Parecer n° 186/2011

Parecer n° 186/2011
TID nº XXXXXXXXXXXXX
Assunto: Consulta sobre requisição judicial de prontuário médico
Interessado: Departamento Médico da Câmara Municipal de São Paulo
Sr. Procurador Legislativo Supervisor:

Trata-se de consulta encaminhada pela Secretaria Geral Administrativa acerca de requisição judicial nos autos de uma Ação de Reconhecimento e Dissolução de União Estável proposta por XXXXXXXXXXXXXX em face do Espólio de XXXXXXXXXXXXXX, já falecido e cujo prontuário médico encontra-se sob a guarda do Departamento Médico da Câmara Municipal de São Paulo.
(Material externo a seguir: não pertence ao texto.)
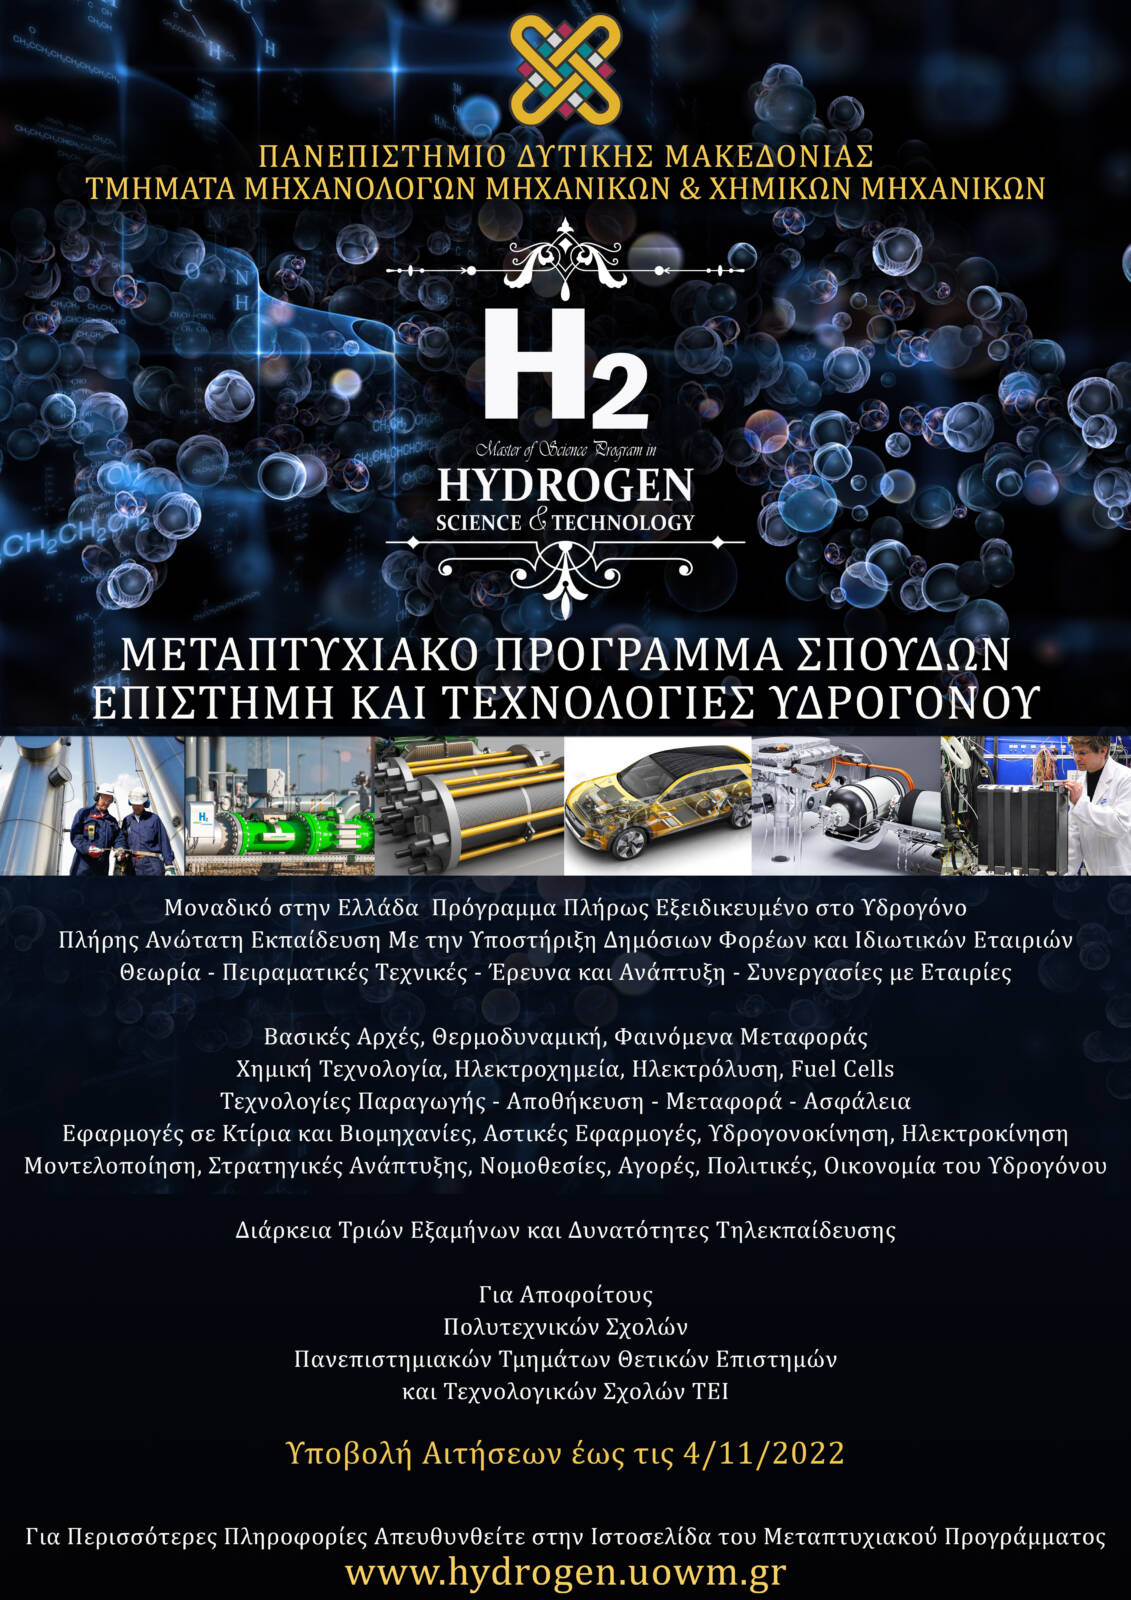 Τα Τμήματα Μηχανολόγων Μηχανικών και Χημικών Μηχανικών του Πανεπιστημίου Δυτικής Μακεδονίας διοργανώνουν για πρώτη χρονιά το Διατμηματικό Πρόγραμμα Μεταπτυχιακών Σπουδών (Δ.Π.Μ.Σ.) με τίτλο:  «Επιστήμη και Τεχνολογίες Υδρογόνου» (MSc in Hydrogen Science and Technology)

Primeiramente, deve-se registrar que o Código de Ética Médica, em seu artigo 102, consagrando o dever do sigilo profissional, estabeleceu a seguinte vedação aos médicos:

“Art. 102 Revelar fato de que tenha conhecimento em virtude do exercício de sua profissão, salvo por justa causa, dever legal ou autorização expressa do paciente.

Parágrafo único: Permanece essa proibição:

a) Mesmo que o fato seja de conhecimento público ou que o paciente tenha falecido.

b) Quando do depoimento como testemunha. Nesta hipótese o médico comparecerá perante a autoridade e declarará seu impedimento.”

Seguindo essa vedação de violação do sigilo profissional, o Conselho Federal de Medicina editou a Resolução CFM nº 1605/2000, cujos artigos 1º, 5º, 6º e 8º assim estabelecem:

“Art. 1º O médico não pode, sem o consentimento do paciente, revelar o conteúdo do prontuário ou ficha médica.”

“Art. 5º Se houver autorização expressa do paciente, tanto na solicitação como em documento diverso, o médico poderá encaminhar a ficha ou prontuário médico diretamente à autoridade requisitante”.

“Art. 6º O médico deverá fornecer cópia da ficha ou do prontuário médico desde que solicitado pelo paciente ou requisitado pelos Conselhos Federal ou Regional de Medicina”.

“Art. 8º Nos casos não previstos nesta resolução e sempre que houver conflito no tocante à remessa ou não dos documentos à autoridade requisitante, o médico deverá consultar o Conselho de Medicina, onde mantém sua inscrição, quanto ao procedimento a ser adotado”.

Por outro lado, a despeito dessa vedação determinada pela Resolução supra aludida, o Código de Processo Civil, em seu artigo 362, ao tratar da exibição de documento ou coisa, estabelece:

“Art. 362 Se o terceiro, sem justo motivo, se recusar a efetuar a exibição, o juiz lhe ordenará que proceda ao respectivo depósito em cartório ou noutro lugar designado, no prazo de 5 (cinco) dias, impondo ao requerente que o embolse das despesas que tiver; se o terceiro descumprir a ordem, o juiz expedirá mandado de apreensão, requisitando, se necessário, força policial, tudo sem prejuízo da responsabilidade por crime de desobediência”. (grifo nosso)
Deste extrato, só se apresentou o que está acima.